OREAL-32B: Advanced Mathematical Reasoning Model
OREAL-32B is a 32 billion parameter model from InternLM, specifically designed for advanced mathematical reasoning. It leverages a novel reinforcement learning framework called Outcome Reward-based Reinforcement Learning (OREAL), which is particularly effective for tasks where only binary outcome rewards are available.
Key Capabilities & Innovations
- Superior Mathematical Performance: OREAL-32B achieves a 95.0 pass@1 accuracy on MATH-500, outperforming other 32B models in this benchmark.
- Novel RL Framework: The OREAL method incorporates best-of-N (BoN) sampling for behavior cloning and reshapes negative sample rewards for gradient consistency.

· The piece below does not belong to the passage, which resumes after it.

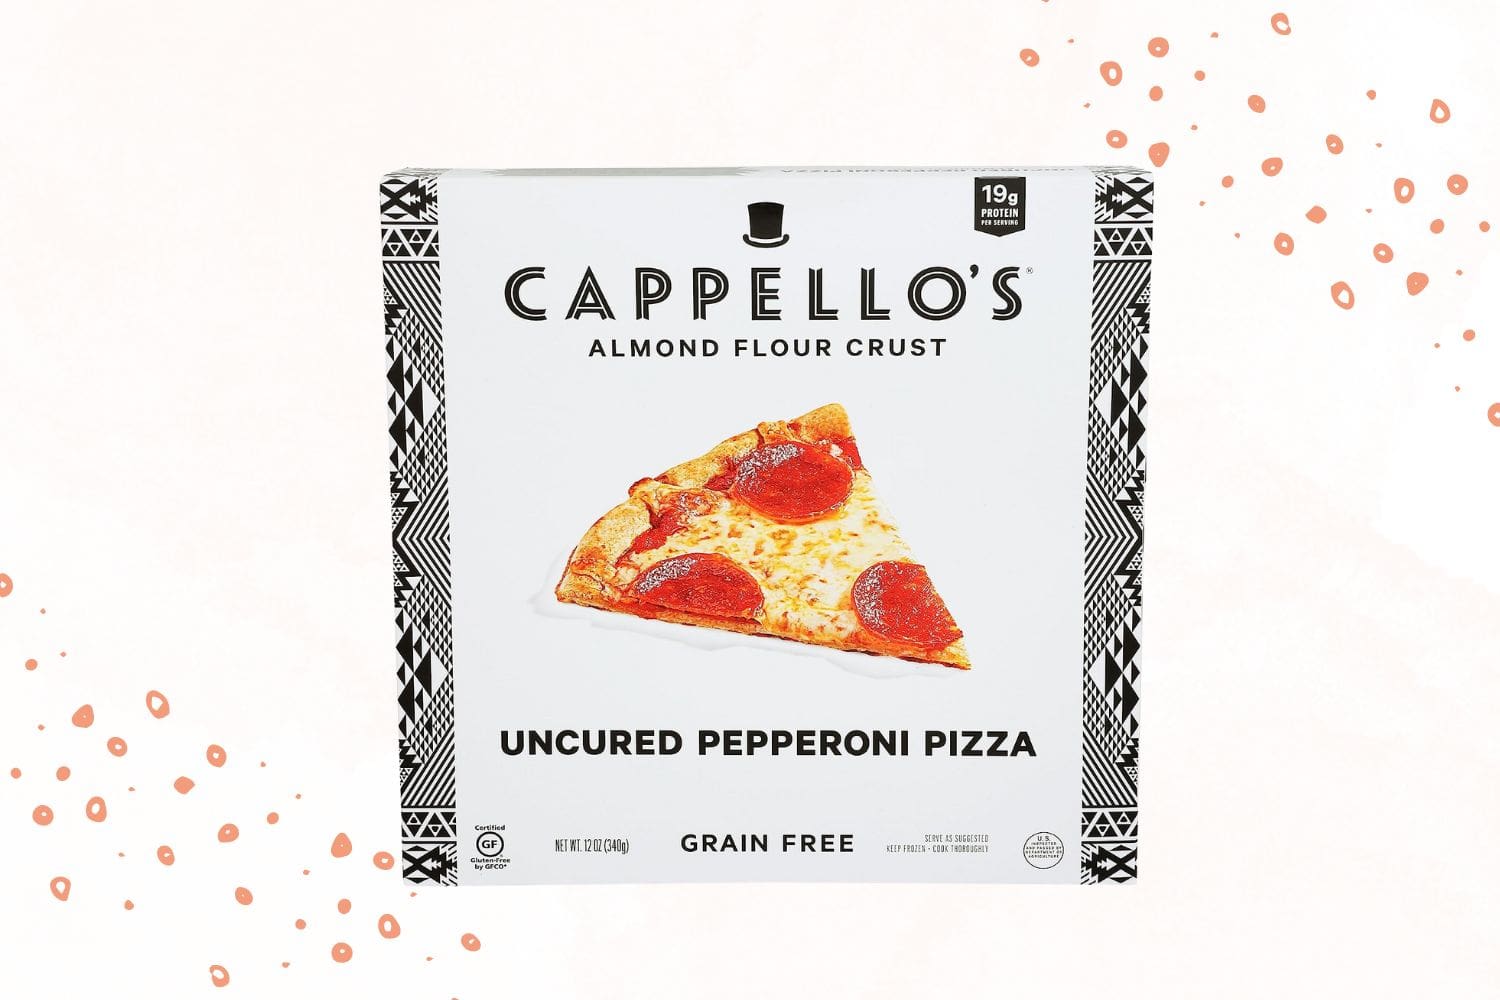 Cappello's Grain-Free Almond Flour Crust Uncured Pepperoni Pizza

- Sparse Reward Handling: It addresses sparse rewards in long chain-of-thought reasoning by using an on-policy token-level reward model to identify key tokens for importance sampling.
- Comprehensive Evaluation: The model demonstrates strong performance across various mathematical benchmarks including AIME2024, AIME2025-I, LiveMath, and Olympiad.
When to Use OREAL-32B
- Complex Mathematical Problem Solving: Ideal for applications requiring high accuracy in mathematical reasoning and problem-solving.
- Research in RL for Reasoning: Useful for researchers exploring advanced reinforcement learning techniques for complex cognitive tasks.
- Educational Tools: Can be integrated into systems that require rigorous, step-by-step mathematical explanations and solutions.
InternLM has also released OREAL-7B and corresponding SFT models, along with the RL training prompts, to support further community research in mathematical reasoning.